So kann ich mein Leben in Ruhe fristen.


----------



## SrgMartin88 (24. Juli 2015)

Ich mach es wie in  >>Dawn of the Dead<<
ich Camper im Supermarkt aus.
Ich würde mir IKEA Raussuchen.

HotDogs - IceCream & KÖTTBULLAR!

Und ganz viel zum Verschanzen!

Kurz gesagt: 
Ich Plane für die Zombie Apokalypse,  Übernahme des IKEA (Frankfur [Main]) xD.


----------



## essayn (24. Juli 2015)

Bitte löschen. Meine Ergänzung steht weiter oben.

Danke.


----------



## grinch66 (24. Juli 2015)

gar nicht, ich bin mit einer der ersten der drauf geht


----------



## Aromatamtam (24. Juli 2015)

Bogenschießen kann ich schon, aber vielleicht noch anderes Waffen-/Selbstverteidigungtraining mal machen. Vielleicht ein Haus mit Bunker und gesichertem Garten, sodass man auch Essen selbst anpflanzen/Tiere halten kann, vielleicht auch mit nem eigenen Brunnen/Wasserversorgungssystem...joa ansonsten auch so viele Vorräte wie möglich bunkern


----------



## SnakeZwei (24. Juli 2015)

Ich habe mich mit dem "Zombie Survival Guide" von Max Brooks bestens auf alle Fälle vorbereitet. Wahrscheinlich hilft mir auch die Tatsache das ich mal ein paar Jahre Fallschirmjäger bei Y-Tours war


----------



## Syon (24. Juli 2015)

Ich nehme meine Axt und schlachte besten Gewissens und ohne rechtliche Konsequenzen die Leute, die über mir wohnen, ab!


----------



## VCKMike (24. Juli 2015)

Wasser einteilen, Urin wieder aufbereiten *g*


----------



## rherden1 (24. Juli 2015)

mit meiner CD-Sammlung (Ramones, Clash, Green day) überlebe ich jede Apokalpyse...


----------



## BlackMarco (24. Juli 2015)

Ich arbeite in einem Lebensmittelmarkt. 
Zuerst werden die ganzen Mitarbeiter vor die Tür gesetzt, dann baue ich mir meine eigene kleine survival Crew zusammen und übernehme den Laden.

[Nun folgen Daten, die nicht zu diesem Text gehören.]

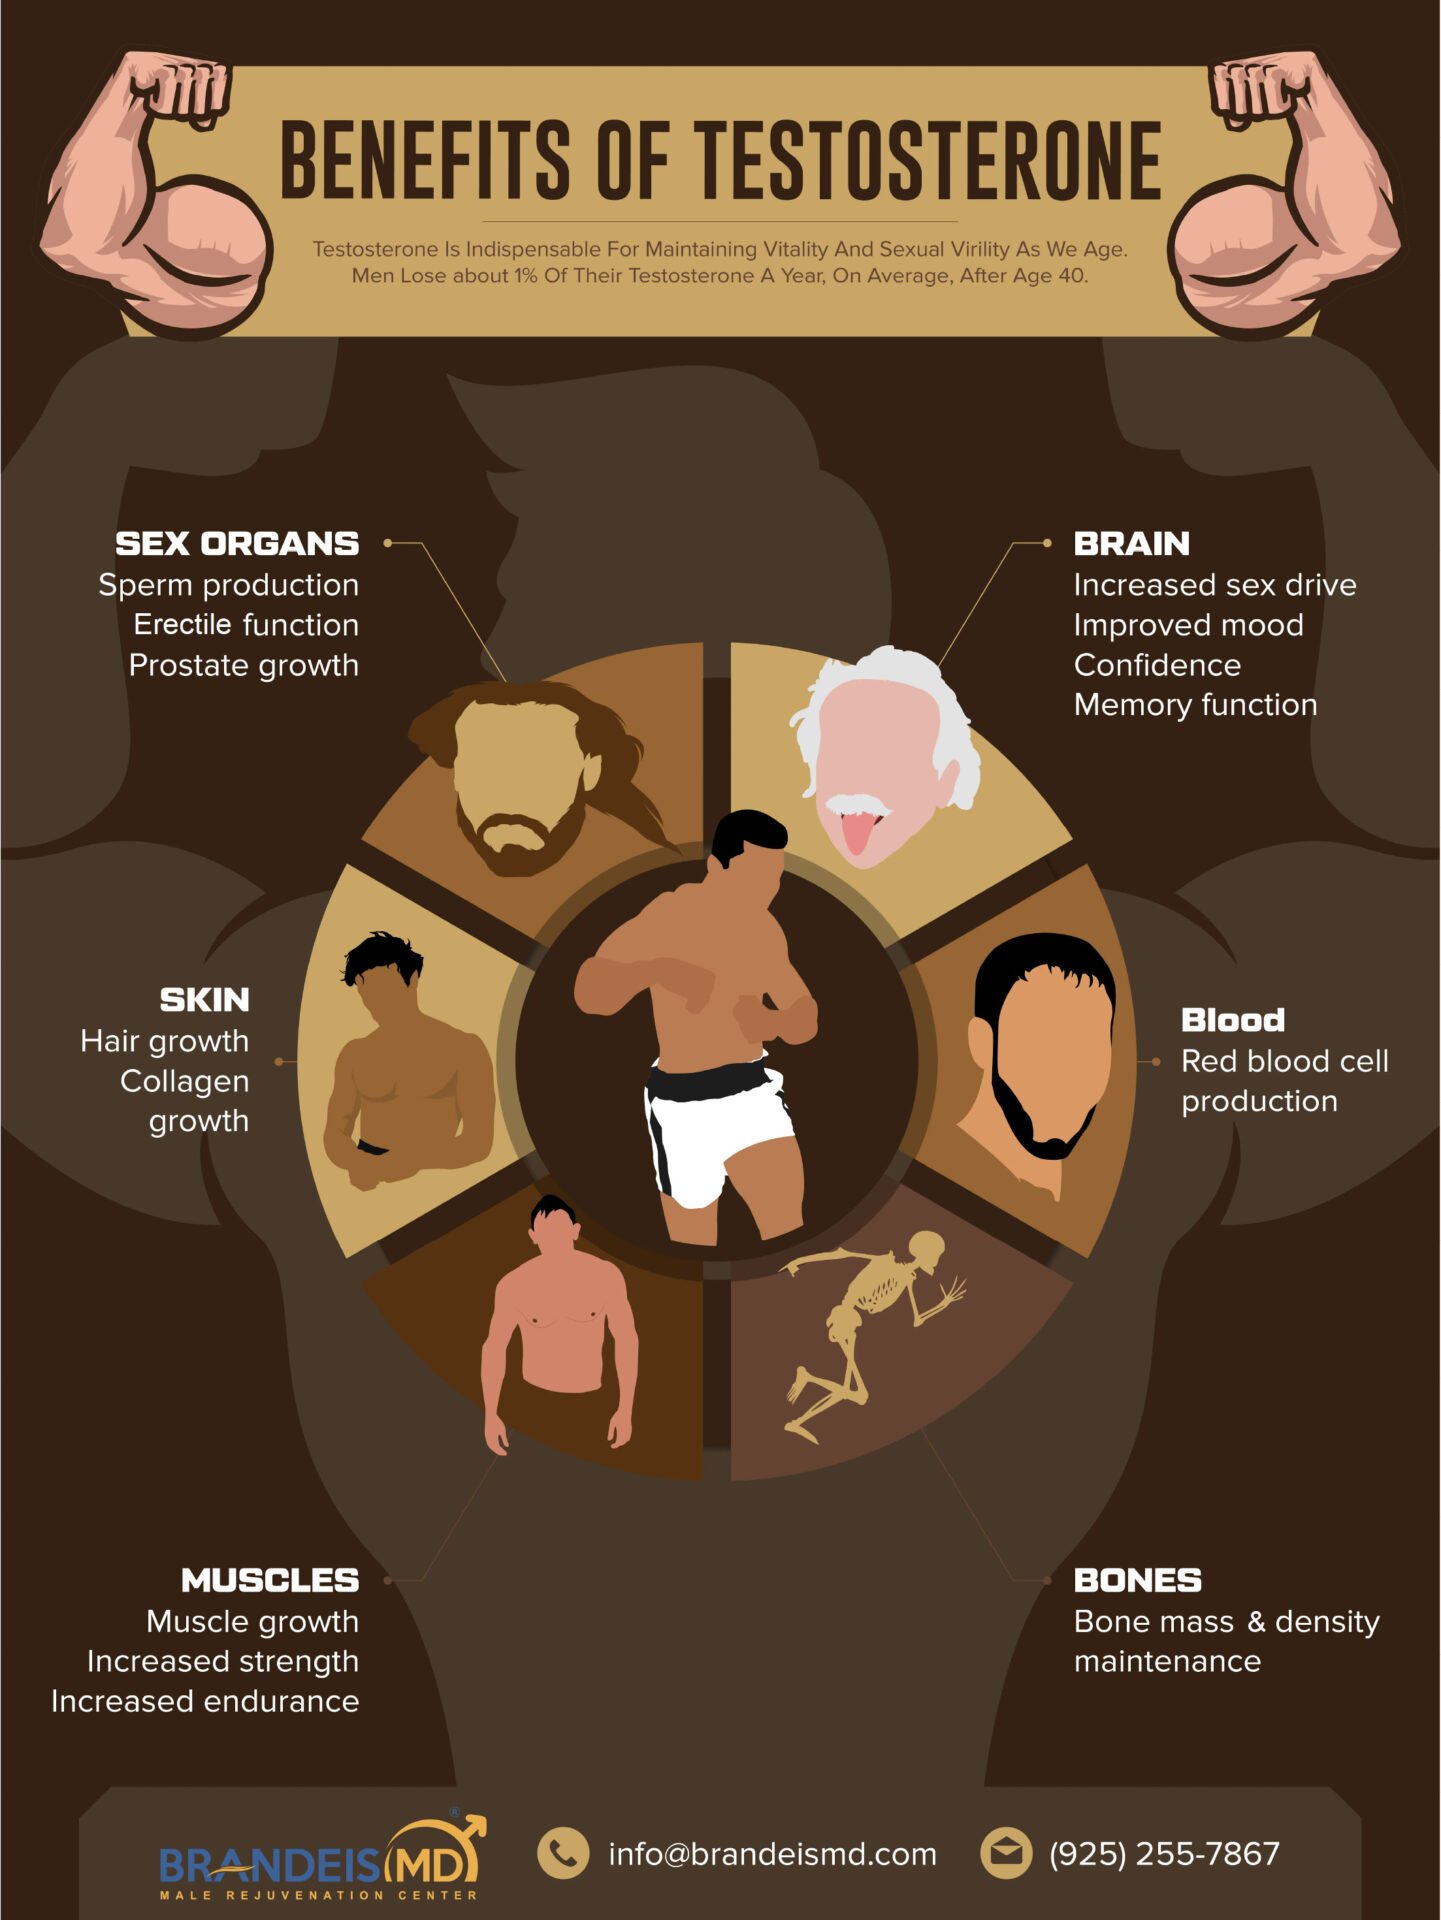 Benefits Of Testosterone - DO NOT CHANGE THIS GRAPHIC - INCLUDED ONLY FOR ORGANIZATION PURPOSES

Wird schwer, da sicher viele versuchen den Laden zu stürmen aber die Hoffnung stirbt zuletzt!


----------



## country (24. Juli 2015)

Der Keller wird mit Teichplane ausgekleidet und geflutet. Reicht für eine weile. Dazu genug Konserven lagern.


----------



## Icewolf77 (25. Juli 2015)

Konserven einlagern, Haus verbarikadieren und die Pumpgun Munition auffüllen


----------



## MadMax97666 (25. Juli 2015)

Abgehen wie der Doom Marine...Alle gegen mich...wer teilt schon gern die letzten Krümmel die es noch gibt?


----------



## sunny69 (25. Juli 2015)

Alle meine Lieben um mich versammeln und schauen, das wir es warm haben und genügend Vorräte . Viel mehr kann man wohl nicht tun.

Liebe Grüße


----------



## theoturtle (25. Juli 2015)

1. Frau und Kinder einpacken
2. Die restlichen wichtigen Verwandten zusammentrommeln und 2 - 3 Freunde / Mit dieser Truppe sollte schon ein Grundstock Helden (Sani/Techniker/Baumeister/Farmer/Kämpfer/Überlebenskünster) an den Start gehen. Der Rest sind NPC's gegen die Langeweile und fürs Questen.
3. Die erste Nacht überleben
4. Den richtige Platz für die erste Siedlung auswählen (Wasservorräte/Nahrung und natürliche Ressourcen) und den Einsiedler zu der näheren Umgebung und lauernden Gefahren befragen
5. Nahrung Sammeln, Holz Hacken, Eisen schmelzen und dann Fix den ersten Bunker bauen. Nahrung lagern, Eisen zu Waffen schmieden. Beginnen den alten Pfad zum Friedhof zu erkunden.
6. Die 2te Nacht überleben
7. Die ersten Befestigungsanlagen bauen, NPC1 (Kind) vor den Wüstenbanditen retten, dafür NPC2 (Schwiegermutter) dafür opfern. 
8. Da nun endlich ruhe in die Truppe eingekehrt ist ein grosses Gelage veranstalten und sich am Lagerfeuer Geschichten aus der guten alten Zeit erzählen ...
9. Noch paar Fallen für die Jagd aufstellen , die ersten Felder bepflanzen und das Lagerhaus erweitern
10. Das Banditencamp erobern (prust!) 
11. Die Belohnung beim Questgeber (Opa) abholen und den alten Socken, die Konservendose , den Gummiband, und das Marmeladenglas mit dem Taschenmesser und der Skeletthand zu einem Raketenwerfer kombinieren. Der Kuhdung wird in der Apfelsaftpresse zu Munition veredelt. Das Benzin für die Kettensäge finden wir erst im nächsten Teil.

Aber damit sollte man trotzdem gut gerüstet sein. Alles weitere ist Zufallsgeneriert.


----------



## Yankee-F (25. Juli 2015)

Mit Chips und viel Bier


----------



## Kampftigerlein (26. Juli 2015)

Mit Nahrungsmittelvorräten und viel Werkzeugen!


----------



## Wutruus (26. Juli 2015)

Ich bereite einen speziellen Kalender vor, der bezeugt, dass gerade an diesem Tag Gegenteiltag ist. Und wenn die Apokalypse dann kommt, wird gefeiert! 
Ansonsten hilft wohl auch nicht viel. Es geht um die verdammte Apokalypse


----------



## MarcHatke (28. Juli 2015)

Gewonnen hat THEOTURTLE!

Glückwunsch! Bitte  ins Postfach gucken!


----------



## Elektrostuhl (28. Juli 2015)

Zu Recht gewonnen. 


			Dieser Inhalt steht nur eingeloggten Mitgliedern zur Verfügung.
        

 Glückwunsch!


----------